The launch of the new PlayStation 4 and Xbox One consoles last month has seen demand outstripping supply. With a lack of consoles, a gray market has blossomed on websites like eBay and Craigslist, with systems selling for hundreds of dollars over retail price.

Here we take a look inside that gray economy at some of the people buying and selling — and at the big headlines that this market has inadvertently created.

The Craigslist seller

The Xbox One Day One edition controller

Above: The Xbox One Day One edition controller

Image Credit: Microsoft

For Steven Miori of Houston, picking up an Xbox One at launch represented a quick investment opportunity. “On release day, I figured all of the Xbox Ones would be sold out to people who waited in line all night,” he told me via email. “But when I went to Target around 11 a.m. that morning, they had two consoles left.”

Miori tried buying both, but the store would only sell him one. “After calling around town a little, I realized that by about noon that day everyone was sold out,” he said. “It was a no-risk purchase because Target has a 90-day return policy, so worst case scenario, if I didn’t sell it, I would just take it back.”

Miori originally planned to sell the console on eBay for $700 – a markup of $185 on the total (after tax) that he paid – but the 10 percent seller fee put him off. He ended up putting it on Craigslist for $640.

“I only got one call the first day,” said Miori. “A kid offering to trade me an iPhone 5S for it. I told him, ‘No, thanks.’

“I didn’t get another call on it for about five or six days and was getting a little discouraged and thought about lowering the price. But Thanksgiving Day, I got a call from a guy who offered $600 for it. We eventually agreed on a price of $620.

“I grabbed a friend and met him in front of a Starbucks. He was a nice guy and paid in cash, and we went our separate ways. [It was a] pretty easy way to make $100!”

The buyer

Scott Speed's Craigslist purchase went smoothly. Stalker notwithstanding.

One buyer caught up in the stock shortage was NASCAR Sprint Cup driver Scott Speed. He met a Craigslist seller in a gas station parking lot on the PlayStation 4’s release day to buy his console.

Speed posted a tweet while waiting, which read: “Waiting for my craigslist guy at the gas station…. Lmao first time I have ever done this.. Talk about awkward!!!! Lol.”

In the end, the deal went well.

“[It] ended up being super easy,” Speed told me via Twitter. “Just felt really weird and embarrassing,” he added, but said he wouldn’t hesitate to do it again.

Sales gone bad

The decision to trade in a public place is something all buyers and sellers should note, as not all transactions have gone as smoothly as Speed’s.

On Nov. 17, 25-year-old Emmanuel Johnson was shot and killed during what appears to be a PlayStation 4 sale that went wrong.

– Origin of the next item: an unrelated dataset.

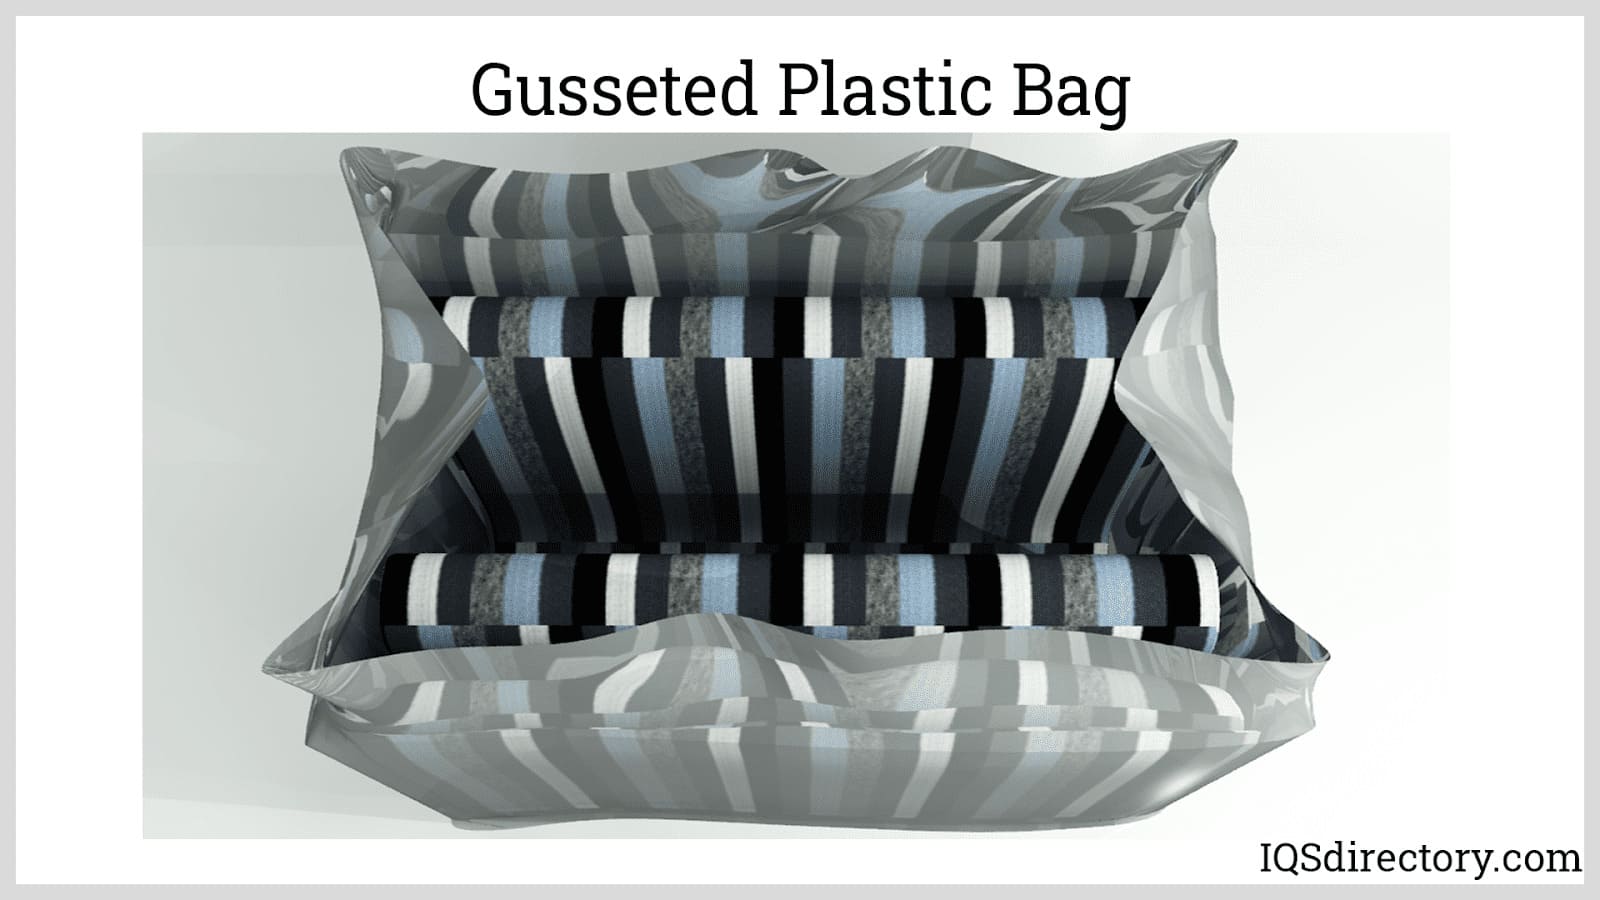 Gusseted Plastic Bag

The Orlando Sentinel reports that Johnson and an unnamed 23-year-old man were due to meet outside Orlando Police Headquarters to carry out the console sale but switched the meeting site. Both men were shot, Johnson fatally, in a subsequent exchange of gunfire at the rearranged venue.

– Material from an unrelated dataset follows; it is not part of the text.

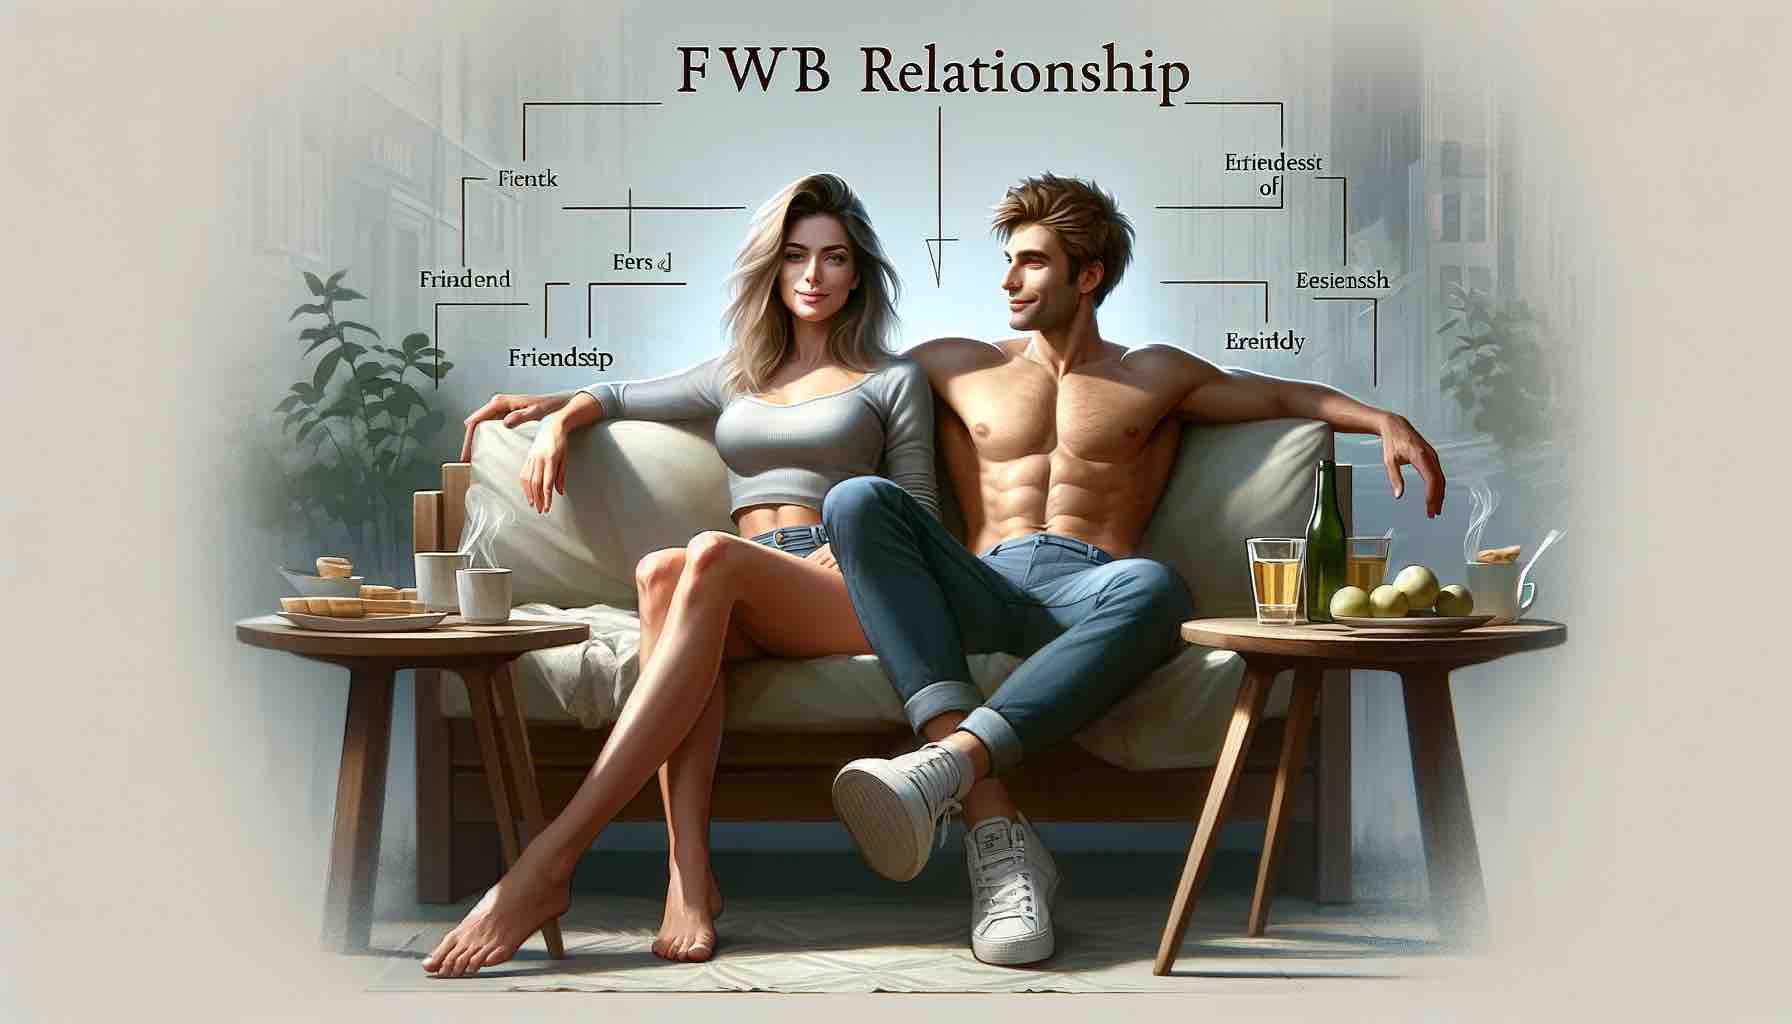 Signs She Is Interested in an FWB Relationship

Ikenna Uwakah, home from college for Thanksgiving weekend, was shot dead in San Francisco on Dec. 1 after agreeing to sell a PS4 console via an ad posted on photo-sharing site Instagram. Uwakah, who drove to the deal with his girlfriend, was then ambushed and shot in broad daylight. His killer took the device and fled, according to police reports.

Ikenna Uwakah was shot dead while attempting to sell a PlayStation 4 console

Above: Ikenna Uwakah was shot dead while attempting to sell a PlayStation 4 console.

Image Credit: YouTube/KRON 4

Even sales that seemed to go without hitch have proved problematic. A man in Colorado Springs answered a Craigslist ad to buy a PlayStation 4 for his son. What he actually bought, from the sale conducted in a motel lobby, was a PS4 box stuffed full of towels. By the time he had checked the box, the seller was already fleeing the scene.